When you strip out the context of the story to the extent that you did with your example, you make the details of the crucifixion irrelevant.
Yes. The metaphor is disposable if you stray too far from the imagery of it, to turn it from an image of death to an image of life.

The crucifixion speaks volumes about Christianity’s basic attitude: Life sucks and you should want something else than it. There’s a promise of something else, your life's a trial to endure in preparation for the something else, so endure the horribleness of life and strive to deserve that something else.
 
Some years ago I decided to have someone beaten to death because I knew that that would solve my problems and everyone else's.

Now everything is better.
 
Assuming the crucifixation as factual history is the problem.

Instead, view it as a constantly occurring event in all of our lives. Which is that we all suffer, and suffering provides the opportunity to review actions and decisions, some which will be found to be in error. This capacity to view, judge, and make determinations is a rather important part of our makeup. The values we distill through our experiences are more important than the experiences themselves, and persist as experiences fade. The resurrection demonstrates that.

Dying is not apt metaphor for health.

The metaphors of Christianity are hateful to the body. The "flesh” hinders your spiritual growth and you’re to “die” to it and become inhumanly spiritual until you rise above it all.

It's ascetic beat-yourself-up self-denial to the core.

A life-affirming project would go the other way around: Drop the schizotypal sense of separation that comes from the ancient soul/body dichotomy. "Sin" tends to foster that dichotomy. And sin as "separation from God" is a separation from an introjected father figure and what "he" wants for you; which is immaturity.

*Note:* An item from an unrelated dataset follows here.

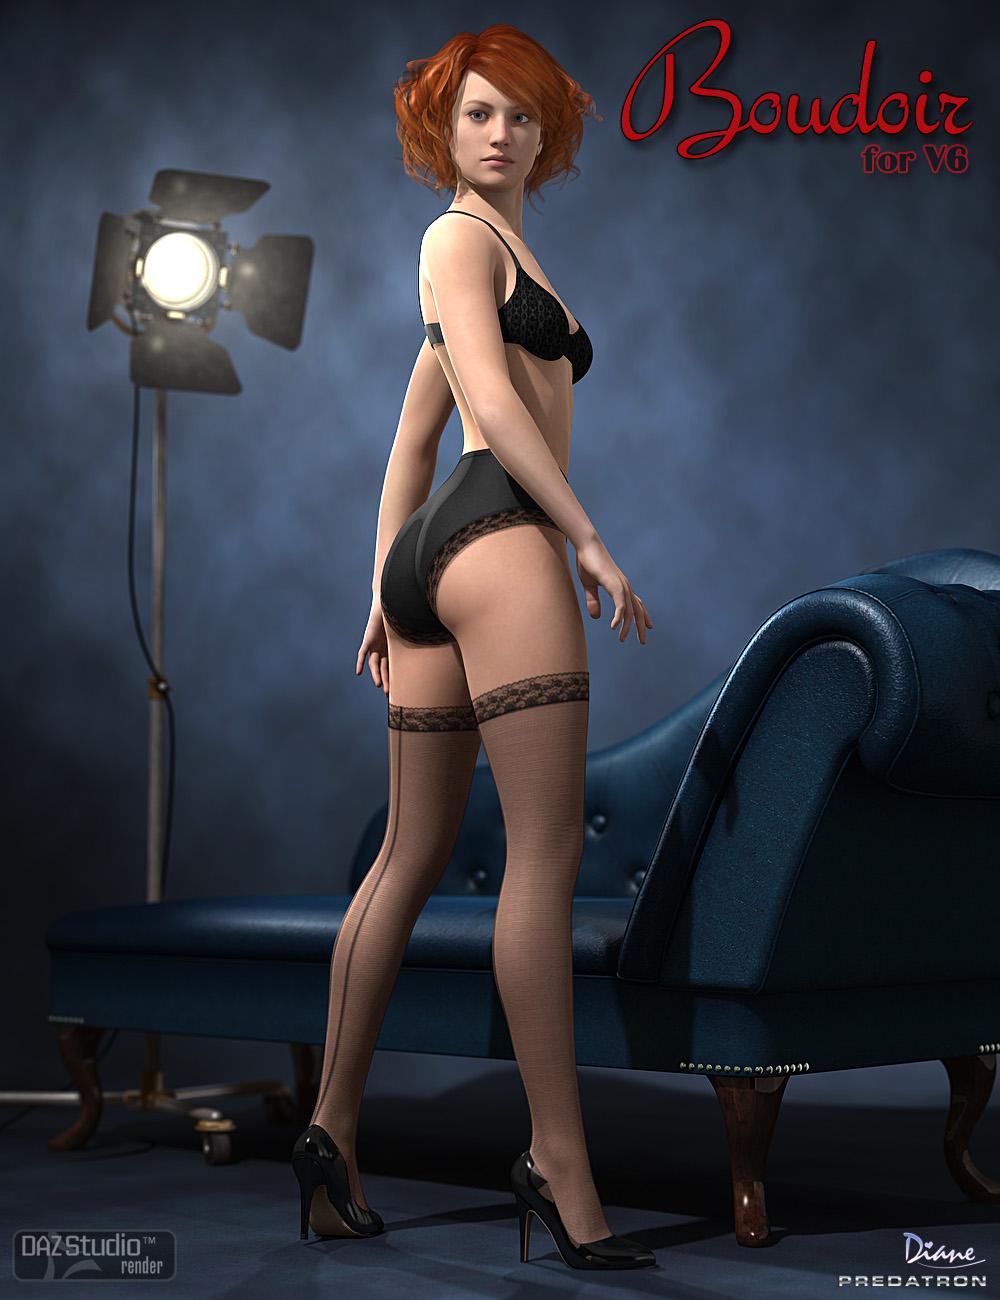 Boudoir for Victoria 6 by: DianePredatron, 3D Models by Daz 3D

Life-affirmation would include shamelessly being who you are as an earth-animal. Throw off burdening crosses and inflated ideals that’d make you disappointed with yourself, your life, the world.

You can learn and grow without crucifying yourself. And life's not that much suffering. I have doubts about the whole "suffer to learn" and "life is a struggle" stuff. A lot of learning is from curiosity, not from shoving your way through hardships.

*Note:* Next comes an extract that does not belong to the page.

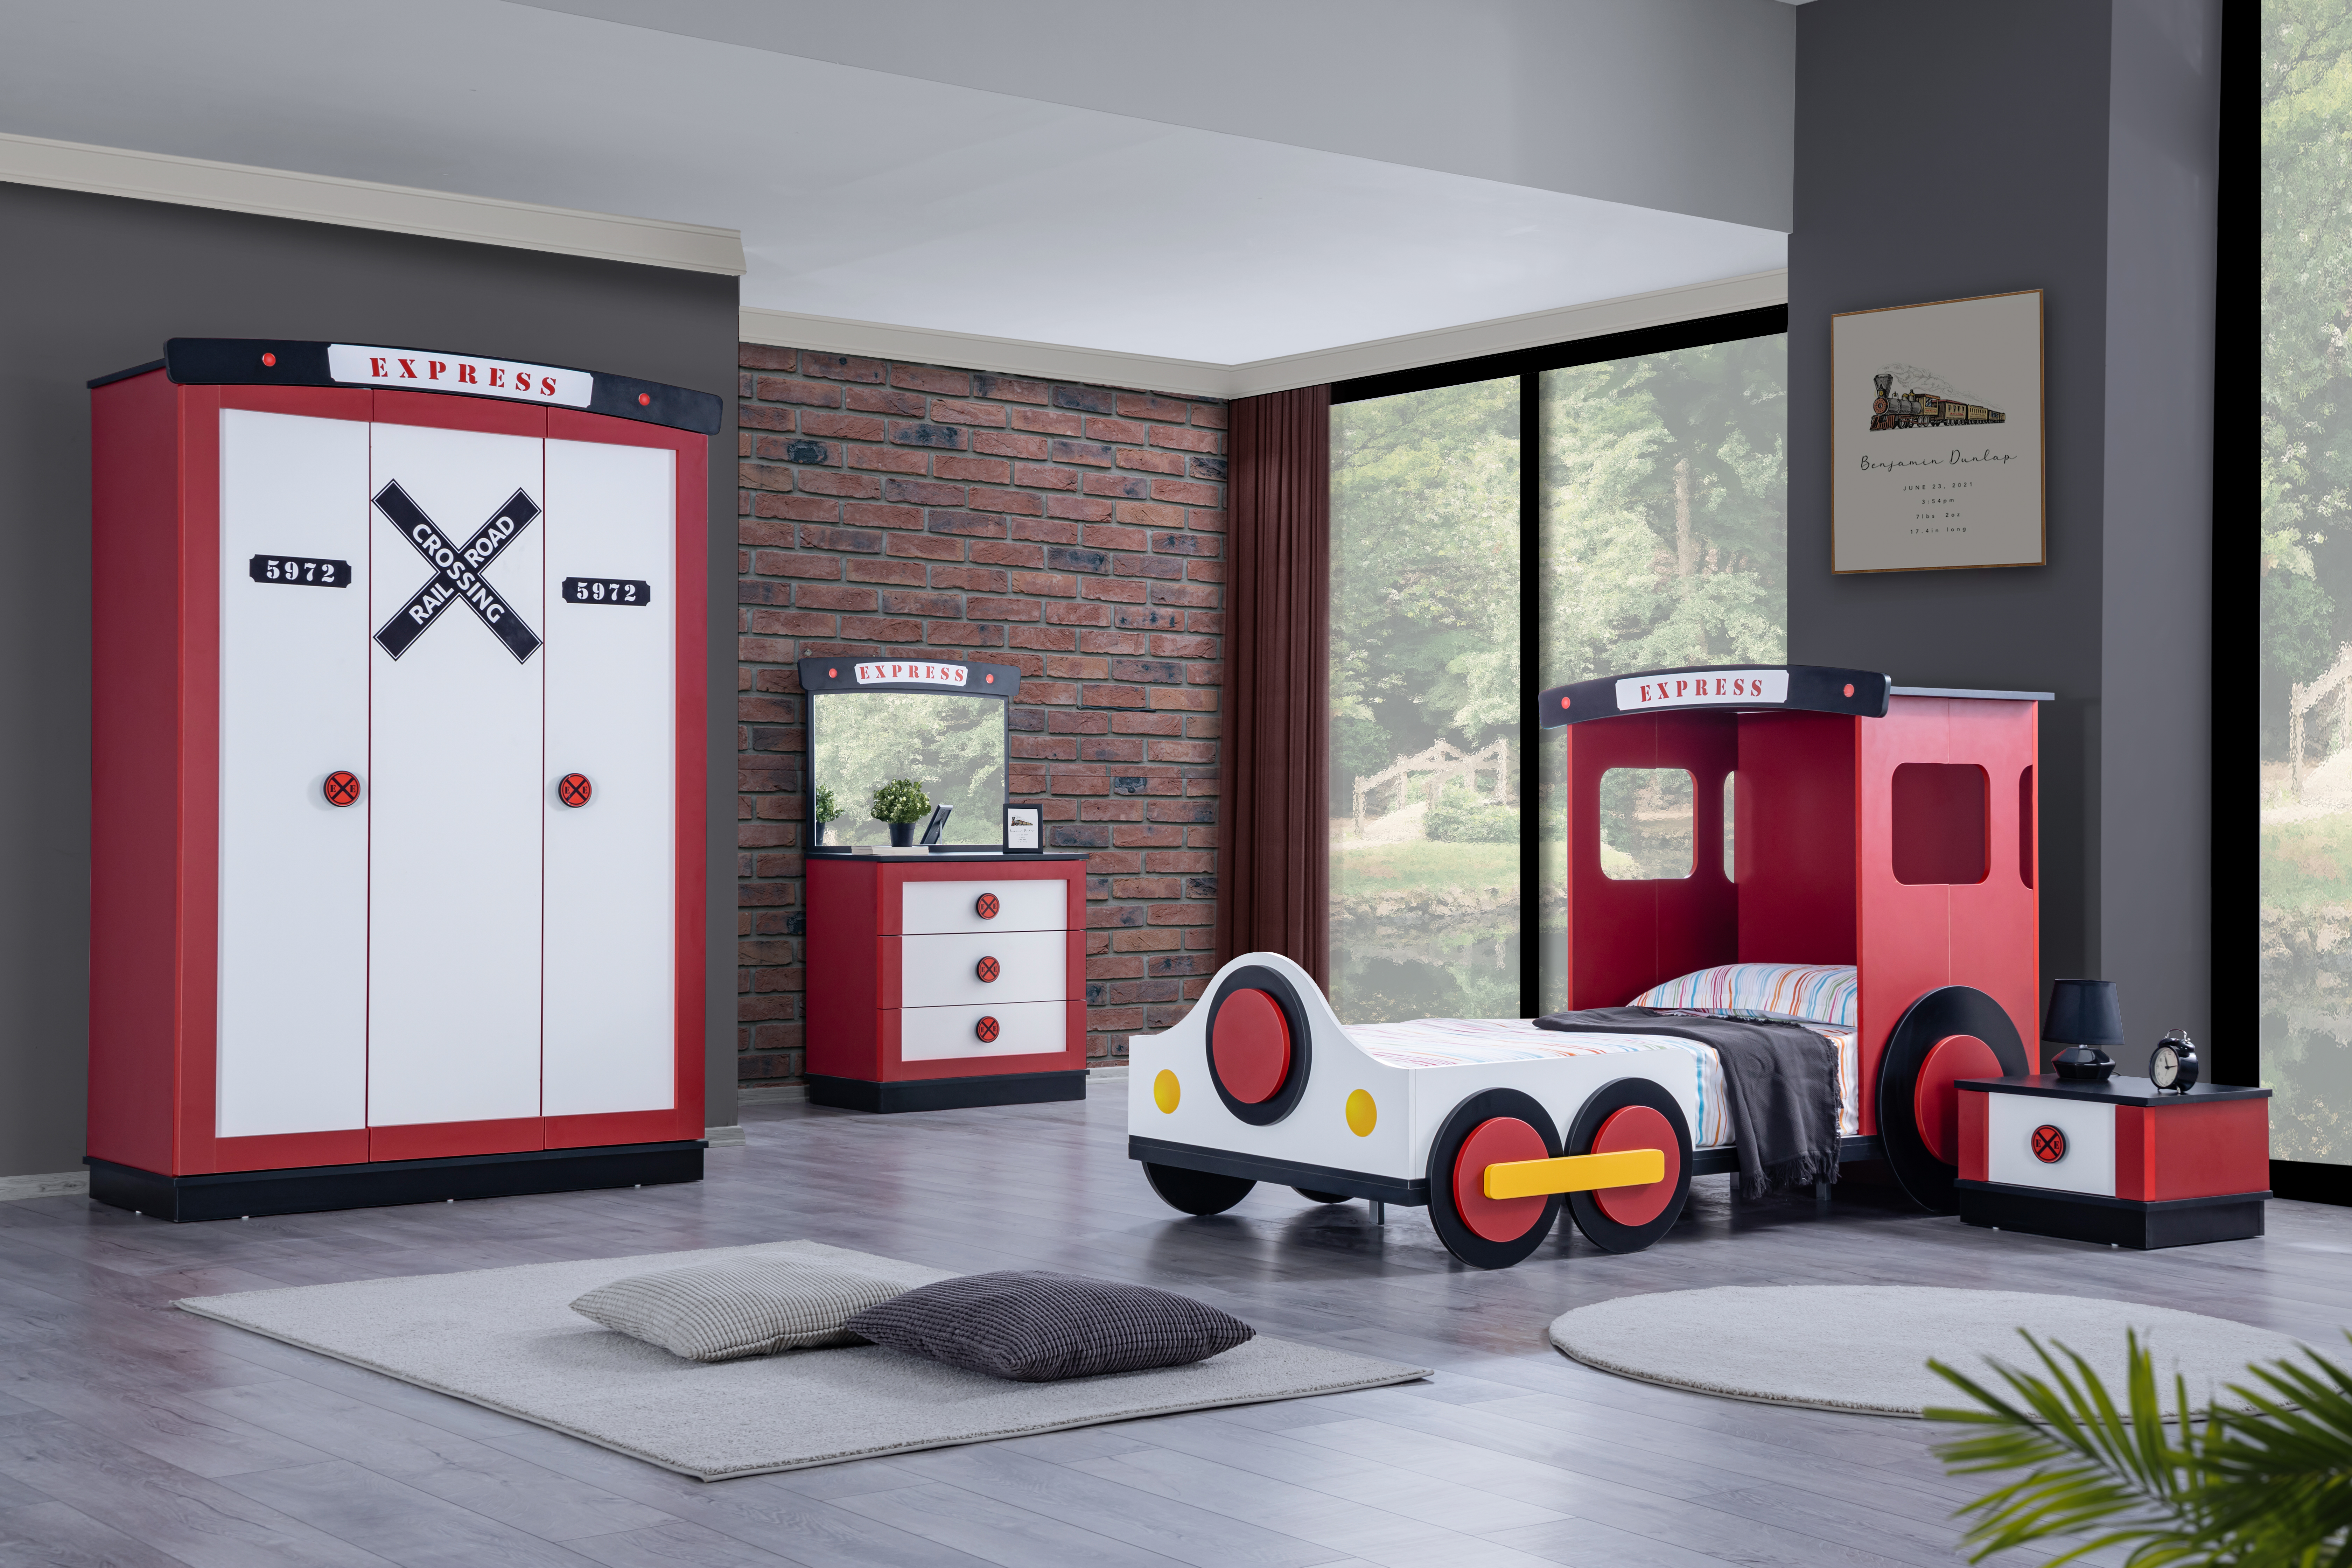 Odacix Kinderzimmer Express 4-teilig Lokomotiven Design

Christianity as an ugly metaphor for good things is quite a stretch.

I don't disagree, but I think your post depends on the traditional interpretation.
 
To my mind, your examples, sarcasm aside, are more significant than vague and generic bullet points.

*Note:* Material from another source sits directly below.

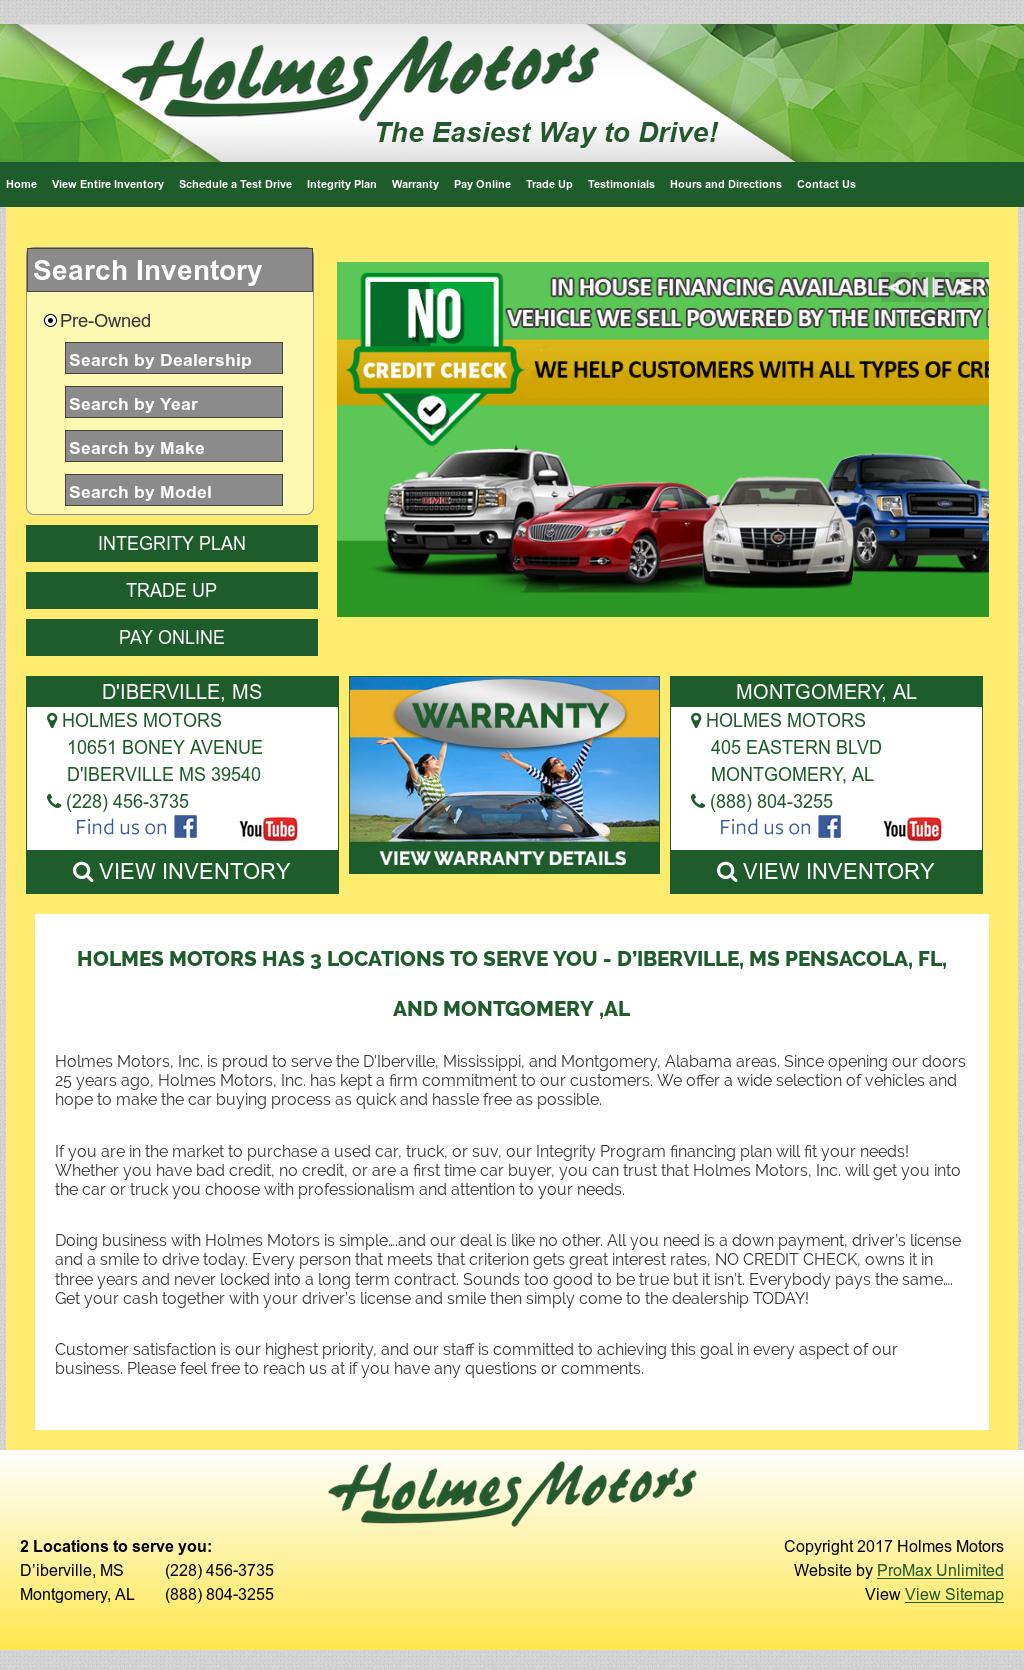 Holmes Motors Montgomery Al >> Holmesmotors Competitors Revenue And Employees Owler

But no, no power there only because we didn't say "Jesus was real"?

I guess it has to be magical?

My point was that your example was basically "If you persevere through suffering, you'll end up better off". That's about as vague and generic a moral lesson as you can get and you can just plug any one of a billion different scenarios into that lesson and it makes the crucifixion itself completely pointless. I doubt you'd get many Christians who'd agree with the statement that the tale of Christ dying for our sins is the equivalent of a story about a squirrel needing to deal with a rainstorm in order to get some acorns for its kids to eat and they'd tell you there's actually more to it than that.

When you strip out the context of the story to the extent that you did with your example, you make the details of the crucifixion irrelevant. The general attitude with which Christians talk about the event implies that they see it as being relevant and not just some generic Aesop's Fable that was plugged into the story to pad the run time.

I'm not interested in Christians general attitude. I'd think that'd be clear.

And, not to knock your storytelling, I think the passion does a better job than your squirrel story. But keep at it.
 
I don't disagree, but I think your post depends on the traditional interpretation.
Is dying to the old self as part of the growing process of becoming less self-centered, less toddler-like, more expansive and capable and aware, a good thing? I would say so! But there’s so much ugly baggage in Christianity that you’ll never overcome. You can't save Christianity from Christians.

There are more apt images. Looking at nature (visible nature, not the bizarre phantasms of the dreaming mind or ancient myths) turns up plenty.
 
I don't disagree, but I think your post depends on the traditional interpretation.
Is dying to the old self as part of the growing process of becoming less self-centered, less toddler-like, a good thing? I would say so! But there’s so much ugly baggage in Christianity that you’ll never overcome. You can't save Christianity from Christians.

I think it's an illustration of material vs intelligible. Material things pass, ideas don't. (or at least not in the same way)

There are more apt images. Looking at nature (visible nature, not the bizarre phantasms of the dreaming mind) turns up plenty.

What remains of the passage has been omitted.